The Alphabet of Crime community meme over at the Mysteries in Paradise blog has reached the letter Q, and my second nomination this week is …
A QUEER KIND OF DEATH by George Baxt
“I loved the boy,” she cackled, “but he did need murdering.”
Before making his accomplished debut as a novelist with this seductively unorthodox whodunit, George Baxt had already established himself as a scriptwriter of several modestly effective British thrillers and horror movies. The best of these include three notable collaborations with producer Julian Wintle and director Sidney Hayers: Circus of Horrors (1959), Payroll (1961), from the novel by Derek Bickerton, and Night of the Eagle (aka Burn, Witch, Burn) (1962), a fine adaptation of Fritz Leiber’s 1943 classic take of modern witchcraft ‘Conjure Wife’ and which Baxt was asked to rewrite following attempts by such noted authors as Charles Beaumont and Richard Matheson (all three would ultimately share on-screen credit).

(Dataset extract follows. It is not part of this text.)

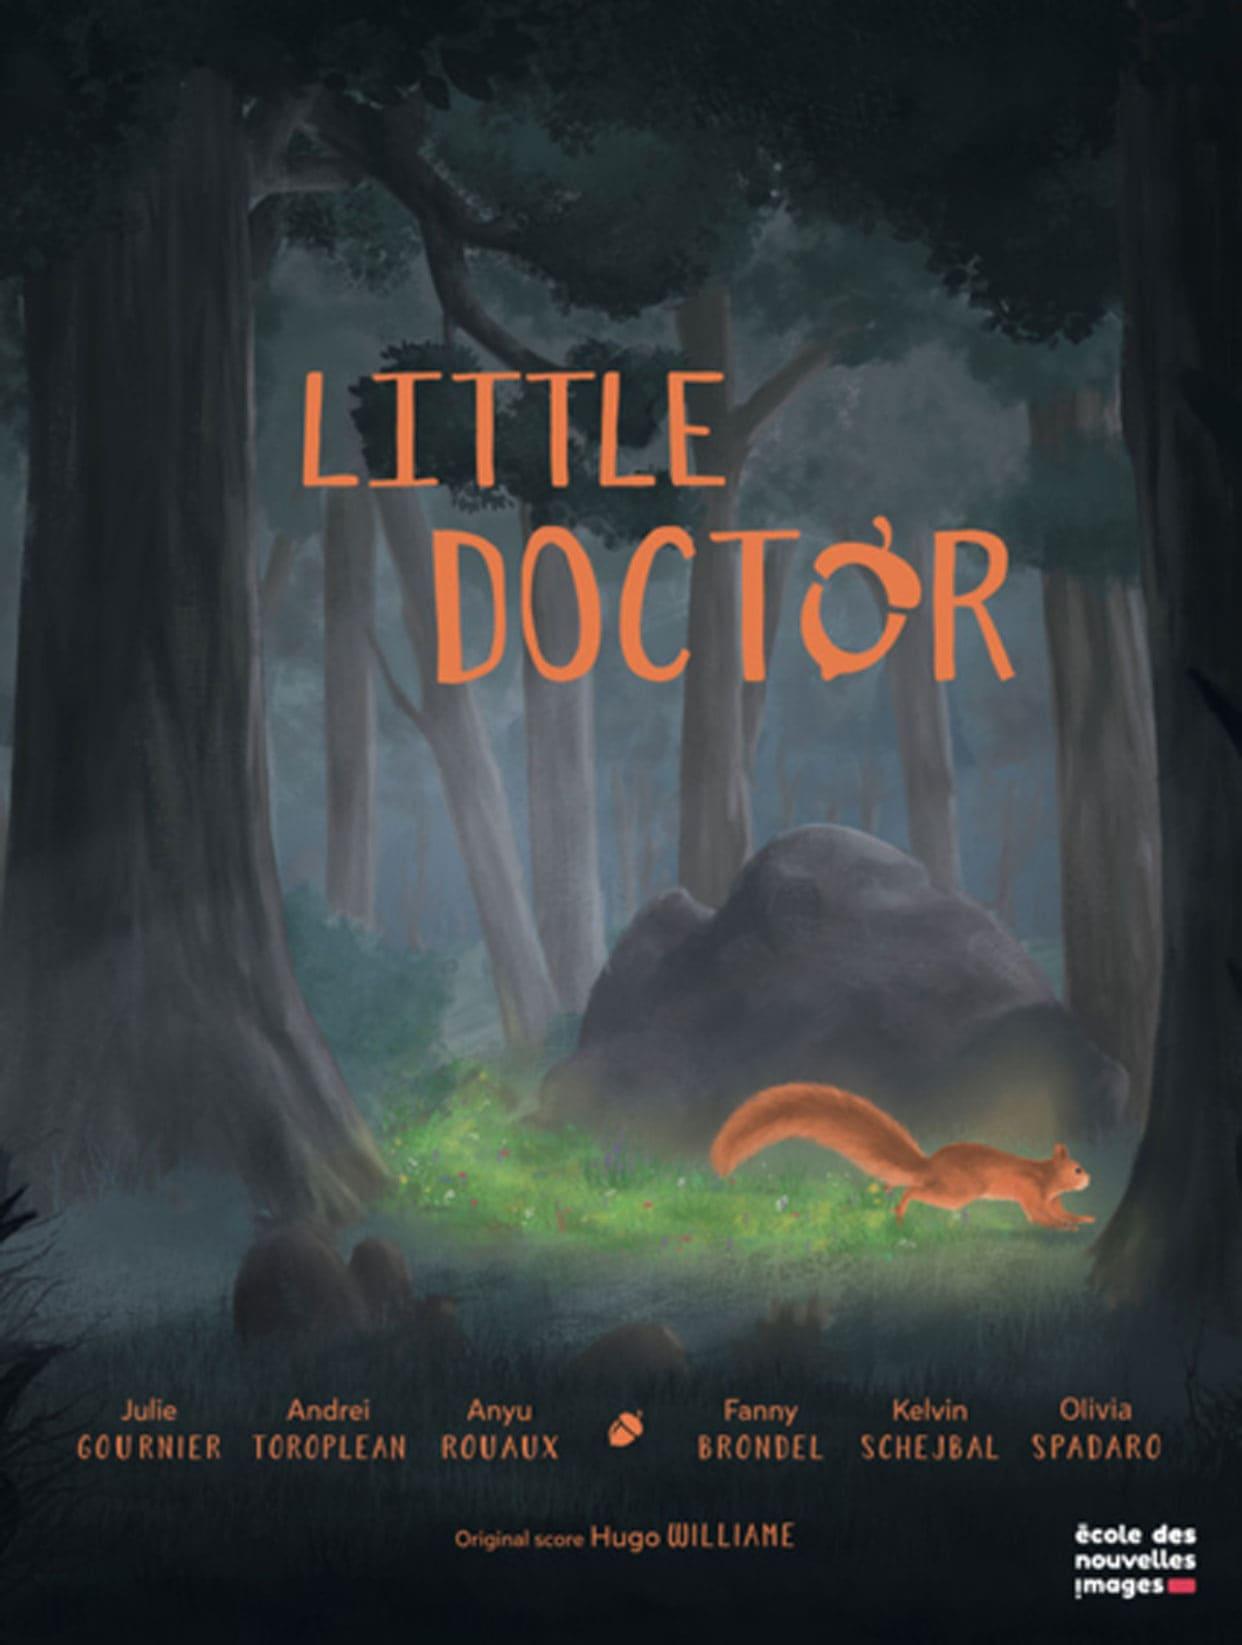 LITTLE-DOCTOR-Fanny-BRONDEL-Calvin-SHEIBAL-Olivia-SPADARO-Yuli-JURNIER-Andrey-TOROPLEAN-Anya-RUAUH

Baxt’s background as a screenwriter, and as a supplier of gossip to Walter Winchell back in his days as an agent in New York in the 1950s, are well in evidence in A Queer Kind of Death, which made a considerable splash when it first appeared.
Probably the book’s best review, and the one emblazoned on many a reprints, was the one by Anthony Boucher in the New York Times where, inter alia, he said:
“This is a detective story, and unlike any other that you have read. No brief review can attempt to convey its quality. I merely note that it deals with a Manhattan subculture wholly devoid of ethics or morality, that staid readers may well find it “shocking”, that it is beautifully plotted and written with elegance and wit … and that you must under no circumstances miss it.”